题目
5、设X_(1),X_(2),X_(3),X_(4)为来自总体X的样本,且EX=mu,记hat(mu)_(1)=(1)/(2)(X_(1)+X_(2)+X_(3)),hat(mu)_(2)=(1)/(3)(X_(1)+X_(3)+X_(4)),hat(mu)_(3)=(1)/(4)(X_(1)+X_(2)+X_(4)),hat(mu)_(4)=(1)/(5)(X_(2)+X_(3)+X_(4)),则μ的无偏估计是____。A. hat(mu)_(1)B. hat(mu)_(2)C. hat(mu)_(3)D. hat(mu)_(4)

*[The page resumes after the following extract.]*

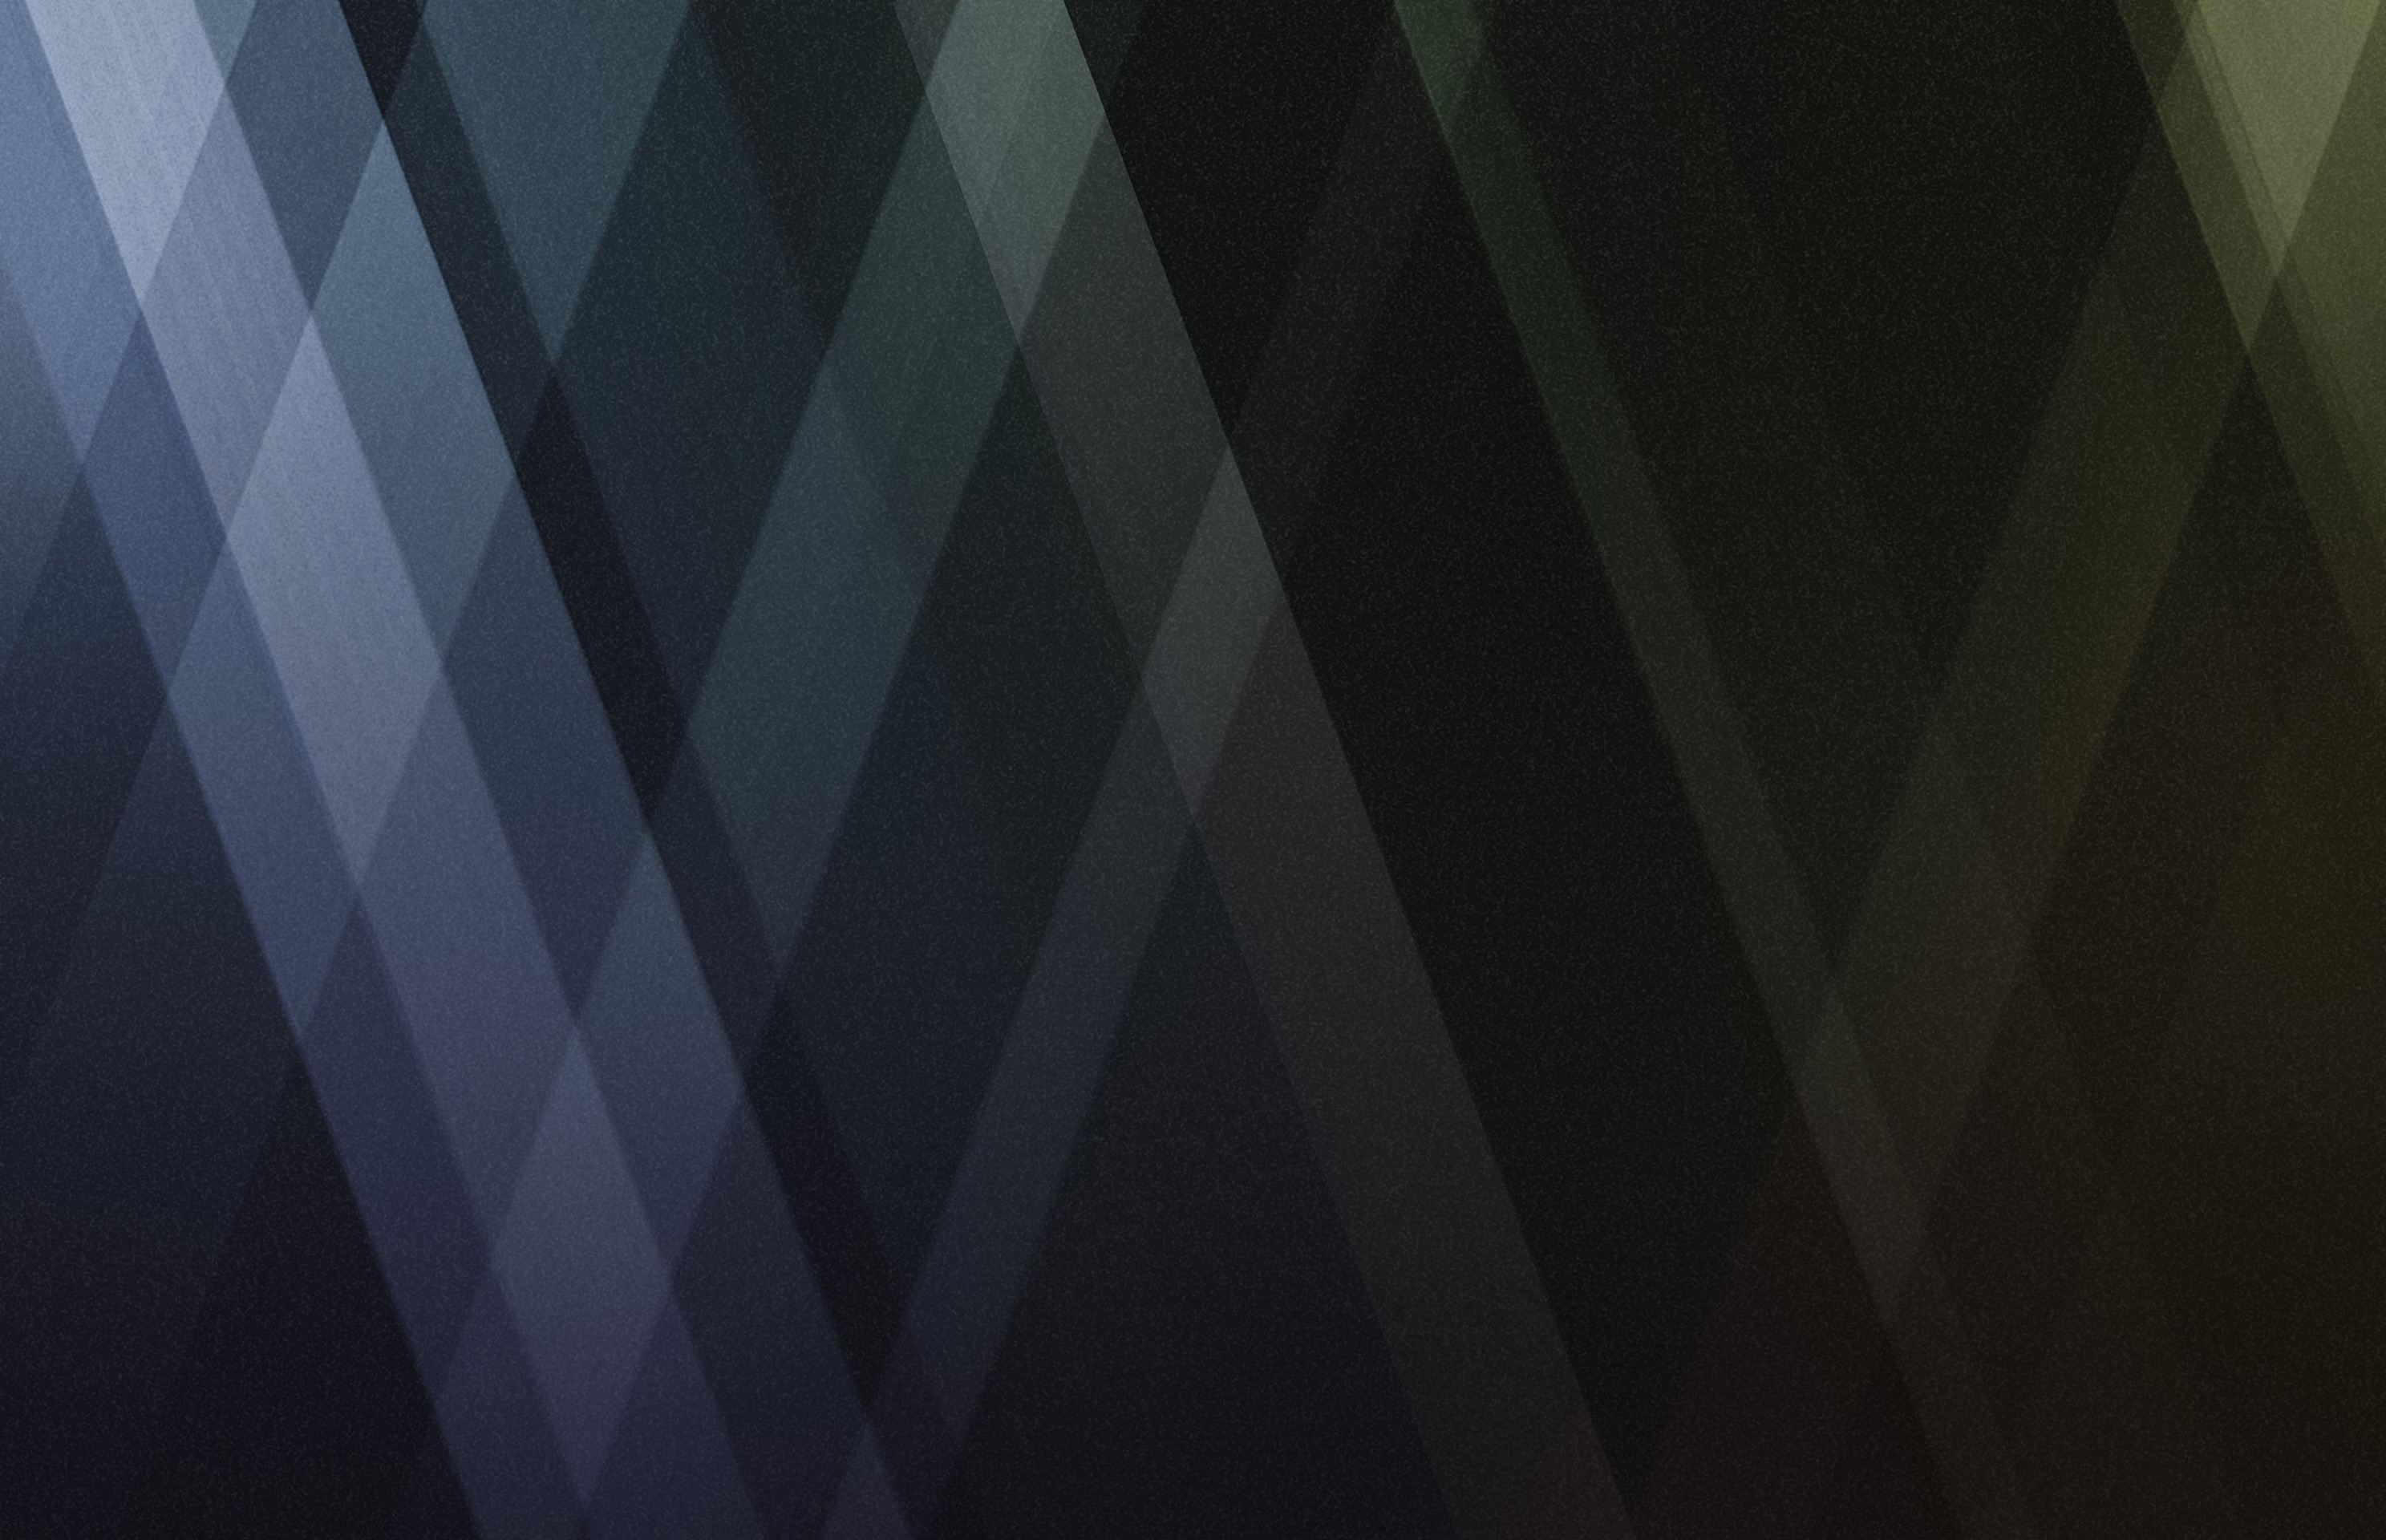 2975x1920 image from Wallpapers from new Nexus 7 leak out and you can download them  here

5、设$X_{1},X_{2},X_{3},X_{4}$为来自总体X的样本,且$EX=\mu$,记$\hat{\mu}_{1}=\frac{1}{2}(X_{1}+X_{2}+X_{3})$,$\hat{\mu}_{2}=\frac{1}{3}(X_{1}+X_{3}+X_{4})$,$\hat{\mu}_{3}=\frac{1}{4}(X_{1}+X_{2}+X_{4})$,$\hat{\mu}_{4}=\frac{1}{5}(X_{2}+X_{3}+X_{4})$,则μ的无偏估计是____。
A. $\hat{\mu}_{1}$
B. $\hat{\mu}_{2}$
C. $\hat{\mu}_{3}$
D. $\hat{\mu}_{4}$
题目解答
答案
B. $\hat{\mu}_{2}$
解析
无偏估计的核心在于估计量的期望值等于被估计的参数。本题要求判断四个估计量中哪个是μ的无偏估计。关键在于计算每个估计量的期望,并验证是否等于μ。破题点在于正确应用期望的线性性质,即$E(aX + b) = aE(X) + b$,并注意每个估计量中样本的数量与权重是否匹配。
选项分析
$\hat{\mu}_1 = \frac{1}{2}(X_1 + X_2 + X_3)$
- 计算期望:
$E(\hat{\mu}_1) = \frac{1}{2}[E(X_1) + E(X_2) + E(X_3)] = \frac{1}{2}(3\mu) = \frac{3\mu}{2} \neq \mu$ - 结论:不是无偏估计。
$\hat{\mu}_2 = \frac{1}{3}(X_1 + X_3 + X_4)$
- 计算期望:
$E(\hat{\mu}_2) = \frac{1}{3}[E(X_1) + E(X_3) + E(X_4)] = \frac{1}{3}(3\mu) = \mu$ - 结论:是无偏估计。
$\hat{\mu}_3 = \frac{1}{4}(X_1 + X_2 + X_4)$
- 计算期望:
$E(\hat{\mu}_3) = \frac{1}{4}[E(X_1) + E(X_2) + E(X_4)] = \frac{1}{4}(3\mu) = \frac{3\mu}{4} \neq \mu$ - 结论:不是无偏估计。
$\hat{\mu}_4 = \frac{1}{5}(X_2 + X_3 + X_4)$
- 计算期望:
$E(\hat{\mu}_4) = \frac{1}{5}[E(X_2) + E(X_3) + E(X_4)] = \frac{1}{5}(3\mu) = \frac{3\mu}{5} \neq \mu$ - 结论:不是无偏估计。